В последнем слове — напряжение, которое доктор, как ни пытается, не может скрыть. Я понимаю его всем сердцем, понимаю, как бы оно ни болело и ни шептало: «Не время для этого, не время». Когда Натаниэль Ларсен поднимает глаза и кривит бескровные губы, я в очередной раз осознаю: слово «преподобный» — как и «пастор» — не совсем подходит человеку, которого мы позвали, чтобы облегчить Джейн душу.
— Благодарны, — вымученно повторяю я. — Она обретет покой.
…На пестрой карте Оровилла найдутся самые разные «господние дома», не исключая китайский и иудейский. Наш город, как и вся страна, свободен в религии, здесь на одной улице может жить дюжина семей, и каждая будет верить во что-то свое. Пастырей-спасителей здесь тоже множество. Большинство не примечательно ничем, но только не наш.
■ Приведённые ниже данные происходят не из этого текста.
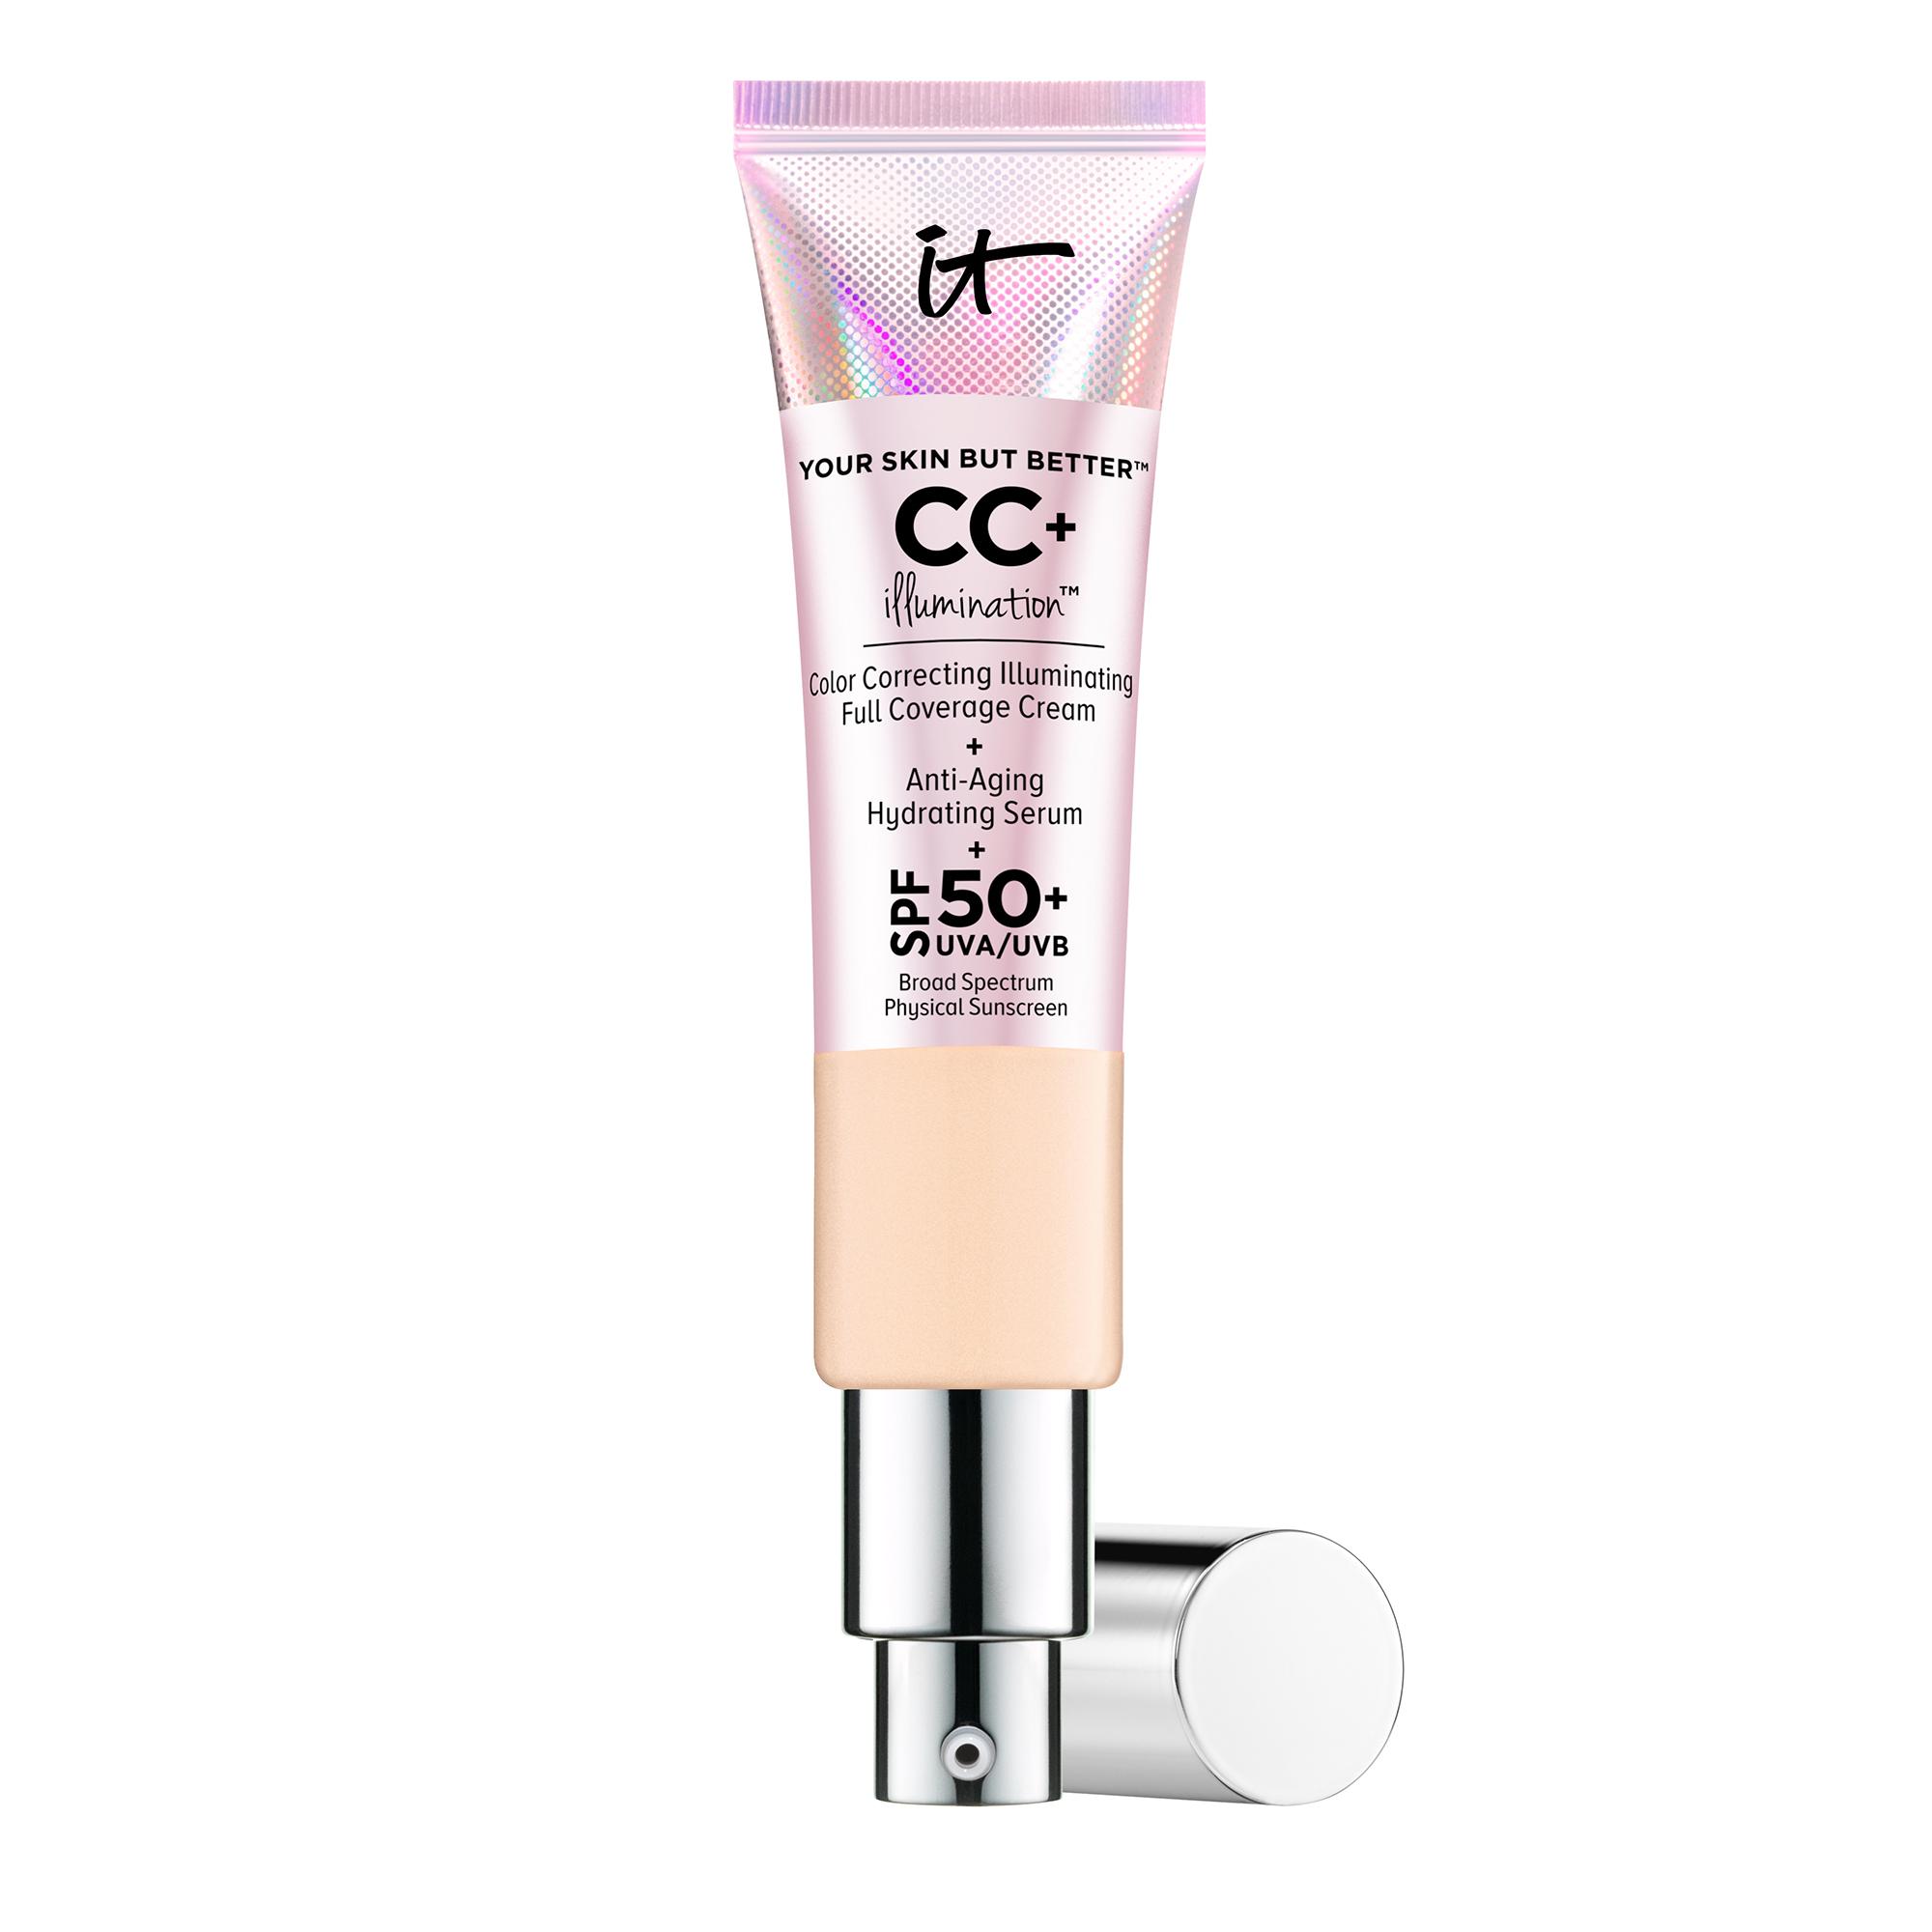 Your Skin But Better™ CC+ Illumination™ SPF 50+ Light Medium

Даже сейчас я испытываю рядом с ним страх. Тот ли это трепет, что должно вызывать духовному лицу? Кто знает. Преподобный пытливо глядит на меня, и я потупляю взор.
У Натаниэля Ларсена редкое врожденное уродство: белые волосы, столь же белая кожа и голубые прозрачные глаза с воспаленными белками. Он высок и жилист, говорит низко, ему около тридцати. Обычно он надевает сутану, но под ней носит то же, что многие горожане: грубые штаны, рубашку. Я узнала об этом случайно, как и большинство. Просто в Лето Беззакония — на похоронах шерифа — именно Ларсен вслед за Винсентом Редфоллом, первый из горожан, открыл стрельбу по Псам. А прежде чем выхватить «кольт», сбросил в траву облачение, надетое в знак прощания с мирской суетой. Отец говорил, зрелище — акт молниеносного обращения служителя Господа в Его же карающую длань, — выглядело впечатляюще.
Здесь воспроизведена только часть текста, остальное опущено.